Dupont-Moretti and Vey also explained that they are working to formulate a new legal basis for bringing Assange’s case before the EHCR, which has previously ruled that it could not examine Assange’s case as it lacked jurisdiction due to a technicality.

These remarks sounded as a condemnation not only of the persecution of Assange by Washington and London, but also of former French President François Hollande’s rejection of Assange’s earlier request for asylum in France, in an open letter published by Le Monde in 2015. An earlier request for asylum formulated by the lawyer Juan Branco to France’s current president, Emmanuel Macron, has already been rejected.

These facts underscore that the defense of Julian Assange requires not only legal measures, but above all the construction of a powerful mass movement to demand his liberation from prison and the dropping of all the trumped-up charges against him. The behavior of the US government and all the major European governments have demonstrated their vicious hostility to Assange and their contempt for fundamental democratic rights.

Baltasar Garzón—well known for his role in trying to prosecute Chilean dictator Augusto Pinochet in Spain, and in investigating the crimes of the Spanish fascist regime covered by the illegitimate 1977 Amnesty Law—pointed to the rampant criminality of the US-led prosecution of Assange.

He said, “The very same people pursuing him as a delinquent are those who have committed crimes in order to pursue him. … A very grave injustice is being committed, which can affect the entire community of independent media, as well as freedom of expression. It is an attempt to silence all those who are critical of the state.”

He explained, “Julian Assange has been the target of espionage while he was a protected person in the Ecuadorian embassy, as he had received asylum from that country. Moreover, the security firm responsible for ensuring Assange’s safety, as he was a political refugee in that embassy … did not protect Julian Assange but collaborated with the United States to furnish sensitive information about Julian Assange, the people visiting him, and on his lawyers. So his rights were not respected, and it made his defense juridically impossible.”
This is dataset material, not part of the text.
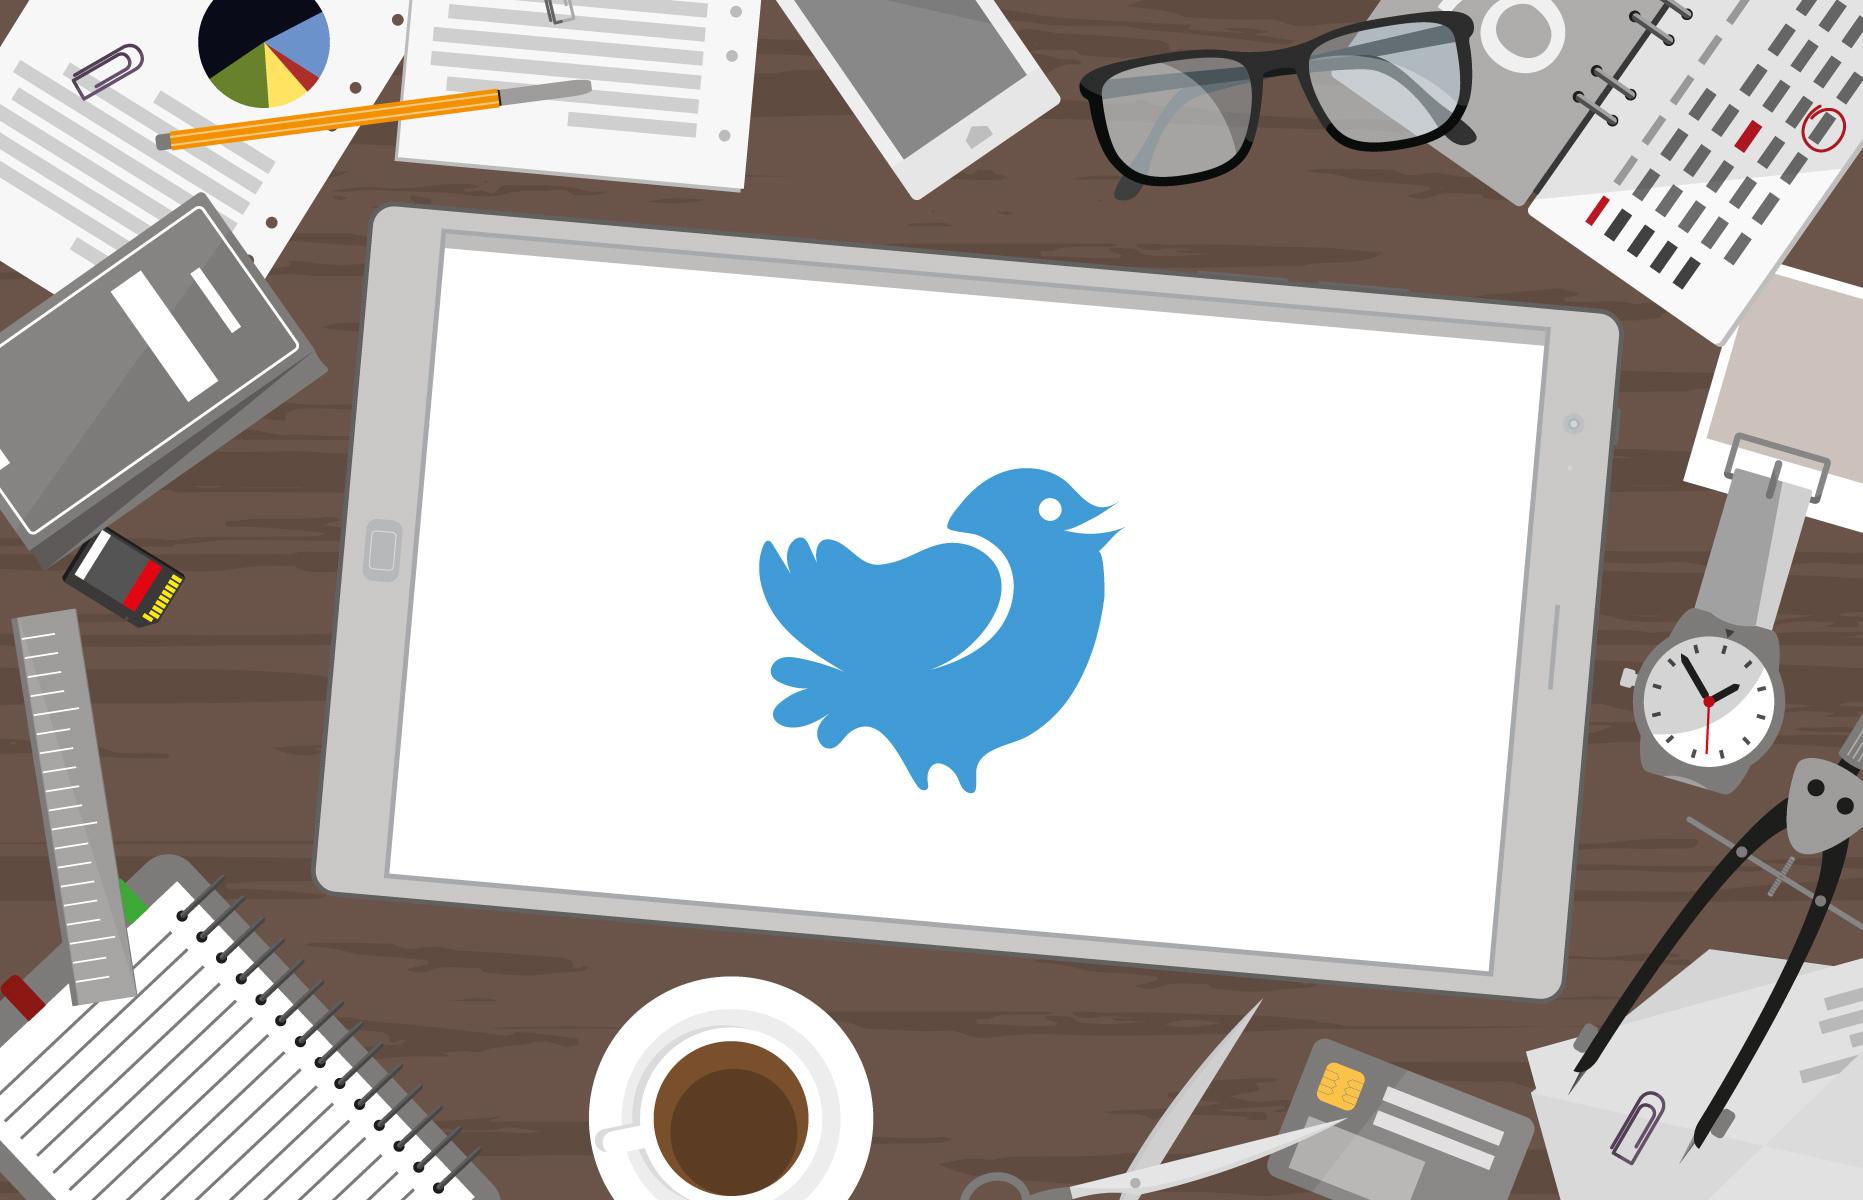 Twitterのイメージ

Spanish courts are already investigating Spanish security firm Undercover Global, that gave the CIA audio and video of Assange and his meetings with his lawyers and supporters at the Ecuadorian embassy in London. Garzón said this investigation could provide proof to UK courts “that the trial of Assange is a political trial by the United States, aiming to prevent the exposure by Mr Assange of criminal behavior by US state agencies.”

Garzón added, “Currently we are doing detailed work to study materials ... showing a systematic violation of Julian Assange’s rights, given that all Assange’s documents for his trial were taken from him by Ecuadorian President Lenín Moreno. Moreno gave this documentation to the United States at their request. This documentation should not be held by the US government but by Mr Assange.”

Garzón concluded with a devastating remark: “I can say that, over my entire professional life as a jurist, I have never seen such a systematic violation of all the rights of the victim as in this case.”

Assange’s father, John Shipton, spoke at the press conference to explain the international significance of the attacks on basic democratic rights that underlie Assange’s persecution.

Initially, Shipton said, he was concerned that “the oppression of Julian, of publishers and publications would ensure that the people of Europe would not be able to discuss among themselves movements that the United States or Washington may make to the disadvantage of Europe. But we turn the corner now, and we see it is clearly a global problem. Your being here is a recognition of a growing tidal flow that I can see will assist us to bring Julian home so he can mix freely with his family and friends.”

Shipton appealed for the freeing of his son, saying: “Julian now being 10 years in arbitrary detention, it’s incomprehensible. I can’t for the life of me understand why he’s still in prison. He has committed no crime.”